CRA / Sr. CRA
To coordinate all clinical research activities required to ensure data integrity such as data monitoring, protocol compliance, and study documentation, in accordance with Good Clinical Practices.
This position requires the candidate to be based on the East Coast of the United States
MAJOR DUTIES AND RESPONSIBILITIES:
- Monitor study progress to ensure compliance with protocol requirements, local regulations (Competent Authorities/FDA) and Good Clinical Practices.
- Assist in all aspects of study start up activities including document preparation of patient informed consent forms and study materials for institutional review board (IRB/EC) submission and approvals.
- Performs ongoing reviews of Trial Master File (TMF) to assure quality of the documentation files and compliance with company’s SOPs, GCP and ICH Guidelines.
- Conduct site qualification, site initiation, interim monitoring and close-out visits in accordance with the monitoring plan and resolve any issues with sites.
- Assess potential study sites to ensure the facility, staff and patient population are adequate for study conduct.
- Ensures all regulatory documents and study supplies are uploaded in TMF and maintained during the lifecycle of the clinical trial(s).
- Support activities for Clinical Event Committee and Data Safety Monitoring Board reviews.
- Complete projects and tasks in a manner consistent with corporate objectives
EXPERIENCE / KNOWLEDGE / SKILL REQUIREMENTS
- BA/BS in Life Sciences or another medical-related field.
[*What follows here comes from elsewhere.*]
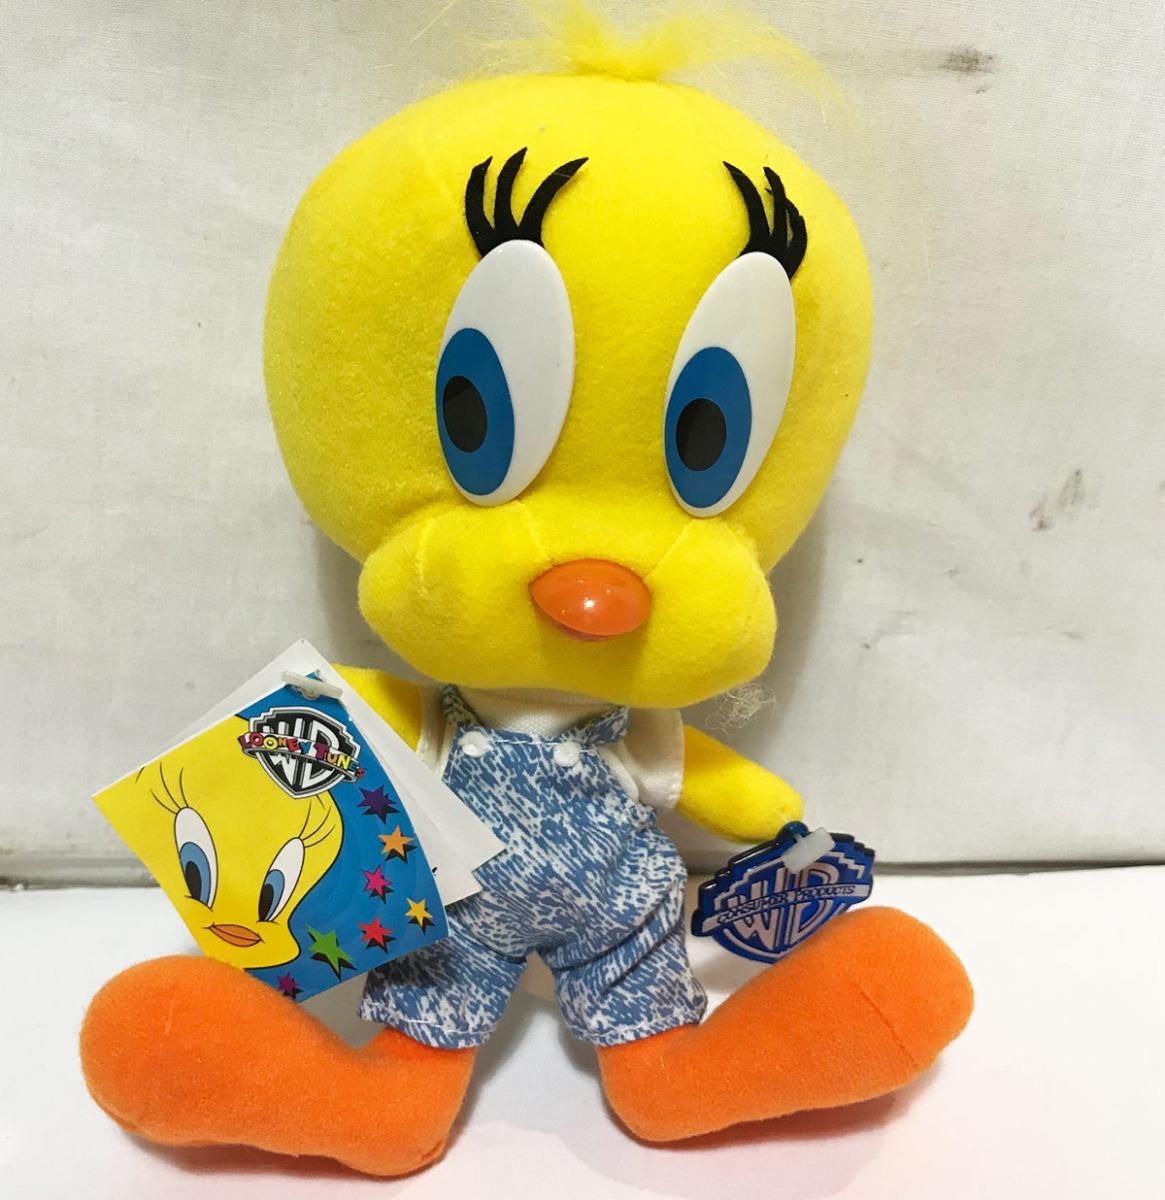 Tweety - Looney Tunes Knuffel 19 cm

- Minimum 5 years related experience in managing global clinical trials for medical devices
- Must have experience managing study startup, monitoring, and closeout activities.
- Data management, EDC development, Safety, and vendor management experience is preferred.
- Proficiency with computer software such as MS Outlook, Word, PowerPoint, Excel, MS Project/Smartsheet is required.
- Must have knowledge of ISO 14155, FDA regulations (23 CFR Part 11, 50, 54, 56, 812) and ICH Good Clinical Practice
- Must be detailed-oriented and can manage multifaceted tasks of a clinical study
- Excellent interpersonal, organizational, problem-solving,
- Ability to work effectively with a wide variety of research personnel.
- Travel is required 25 – 50% as needed.
- Excellent written and verbal communication skills including medical writing
- Good time management and ability to prioritize tasks and accomplish set goals efficiently.